Reeling under the impact of steep hike in prices of iron ore, steel industries operating in the Kalinga Nagar Industrial Complex (KNIC), the emerging steel hub in Orissa's Jajpur district, have urged the Orissa Mining Corporation (OMC) to fix base price of iron ore on long-term basis.The Kalinga Nagar Industries Association (KNIA), the representative body of the industries operating in the area, has suggested that OMC can supply 50 per cent of the ore to these industries at this fixed price and offer the balance through the e-auction mode.
OMC can work out a base price of the ore after adding margins to the production cost, it said.

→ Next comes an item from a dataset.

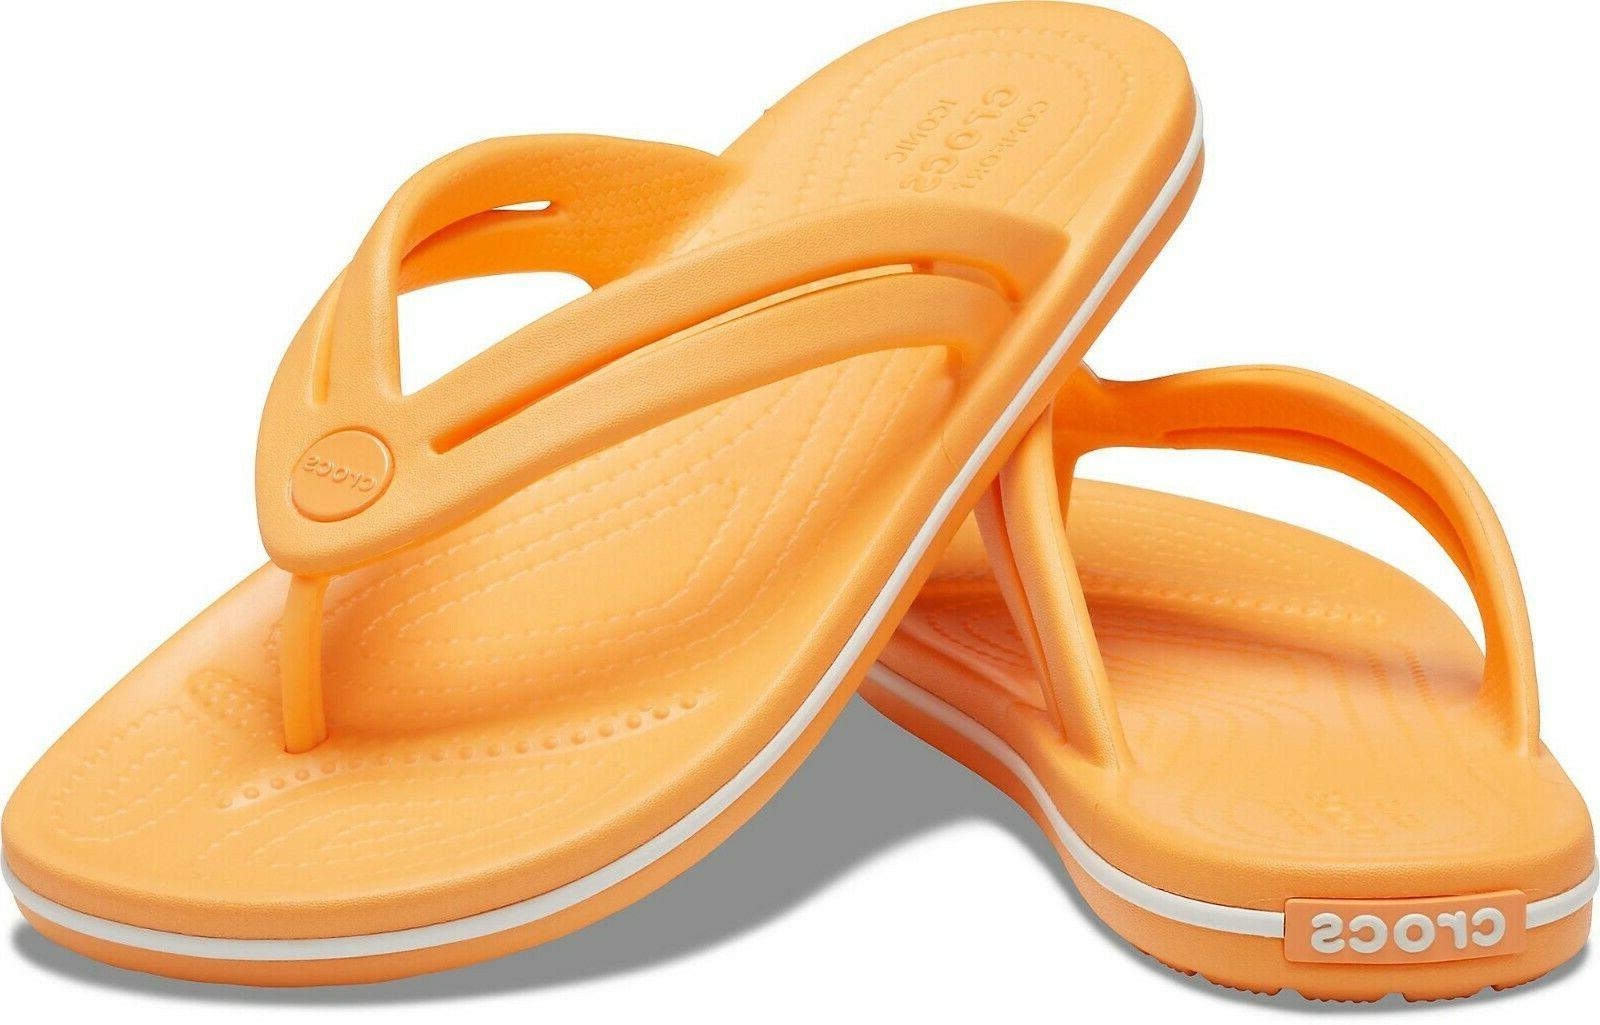 crocband flip flops cantaloupe size 11 new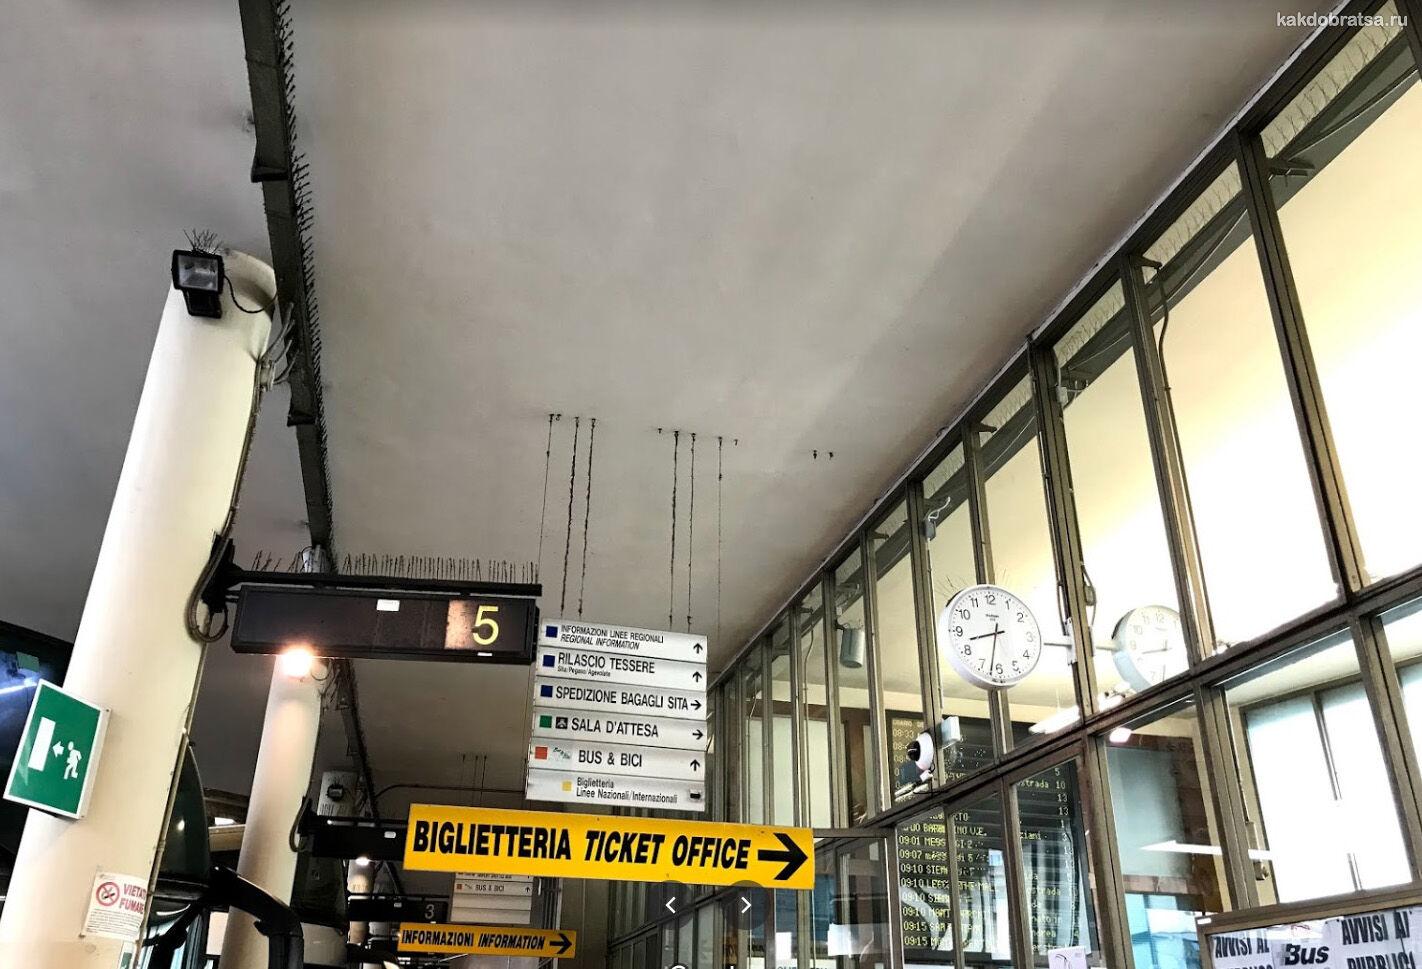 Автовокзал Флоренции услуги и кассы

“Non serious players are manipulating the iron ore price in the open tender adopted by OMC as a result of which, iron ore prices have risen to abnormal level making units unviable. The state government should put restriction on iron ore supplies to players outside the state and sell only 25 per cent of their production to units located outside the state and offer 75 per cent to units within the state”, said P L Kandoi, president of KNIC.
He stated that the prices of iron ore in the Gandhamardhan sector have surged by 191 per cent while in the Daitari sector, there has been an upswing of 130 per cent in ore prices in the past 12 months.The price of iron ore (size 10-40 mm) of OMC for the third quarter of 2010-11, from Gandhamardan is fixed at Rs 4155 per tonne and from Daitari, at Rs 4455 per tonne. The prices of ore from these two mines for the same period of 2009-10, were Rs 1426 per tonne and Rs 1944 per tonne respectively.
Presently, the prices of iron ore are revised by OMC once in a quarter. The Price revision is done through tendering system, taking into account the prices of the ore in the domestic and international markets.While the ore prices have shot up, the prices of intermediate products like Pig Iron, Sponge Iron and finished steel remained either flat or have dipped.
The rate of iron ore historically is about six per cent of the price of long products of steel, 12 per cent of pig iron and 16 per cent of sponge iron. This trend has been true over the past decade with which the related industries were somehow surviving.
However, the unprecedented rise in the price of iron ore in the third quarter of 2010-11 has changed the entire dynamics of cost of production as the rate of iron ore has changed from the previous levels to 12 per of the price of long steel products, 20 per cent of pig iron and 30 per cent of sponge iron.
“If this situation is allowed to continue, all the units in the Kalinga Nagar area shall have no other option but to shut down the entire operation which eventually will lead to retrenchment of thousands of workers, stunting peripheral development. This unavoidable closure will have cascading impact on the economic growth of the region in particular and the State in general”, said Kandoi.